For far too long, the National League has been allowing mediocre to bad teams to enter the playoffs in MLB.

And seeing as a team just has to go 11-8 in the faulty MLB playoff system, we end up with champions such as the 83-win St. Louis Cardinals in 2006, the Philadelphia Phillies, who had Cole Hamels, Brett Meyers and Jamie Moyer as their No. 1, No. 2 and No. 3 starters in 2008, the 2010 San Francisco Giants, who had Aubrey Huff as their best hitter, and last season’s St. Louis Cardinals of whom I bet you can’t name five players outside of Albert Pujols.

These teams are not champions. They aren’t even close. In most cases, every American League team in the playoffs was better than the NL team that made the World Series and in some cases, the World Series champions don’t even deserve to be in the playoffs. Once you make the World Series, you just need to win four games out of seven versus an AL team that just had to play the best teams in baseball and you’re dubbed world champs.

Talent changing hands is usually cyclical, but this is getting outrageous, especially with Pujols and Fielder changing leagues and the reigning NL MVP possibly being suspended for 50 games. The difference between the leagues just went from not even close to not the same sport.

Since 2005, the AL has a 979-785 record in interleague play. 2012 may not be the end of the world, but it looks like it could be the end of relevance in the National League. And, yet, it still gets a representative in the World Series and, thanks to an idiotic rule, perhaps even home field advantage in it.

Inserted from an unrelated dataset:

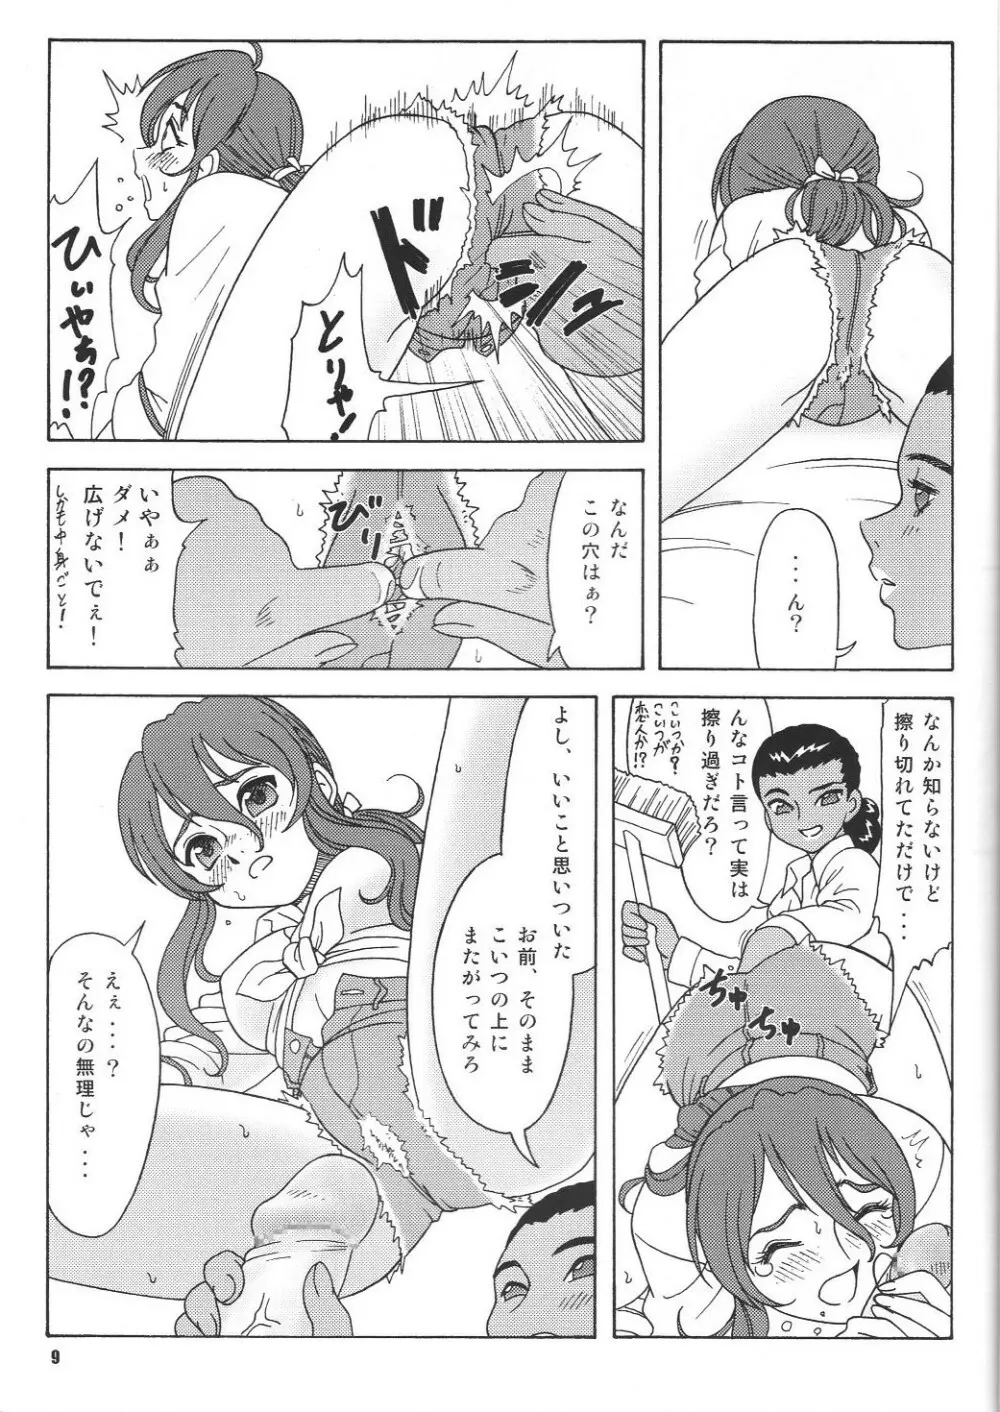 Fujishima Spirits vol.6 - page8

The best way to do things would be one giant league where the top eight teams make the playoffs, but that would take away division rivalries, which means ticket prices couldn’t be raised for those games.

With the added wildcard team possibly happening this season, we could see a team under .500 headed to the playoffs in the NL. A 12-8 record over three weeks later and you have yourselves another undeserving champion.

And that’s just the way it is, but that doesn’t mean it’s right.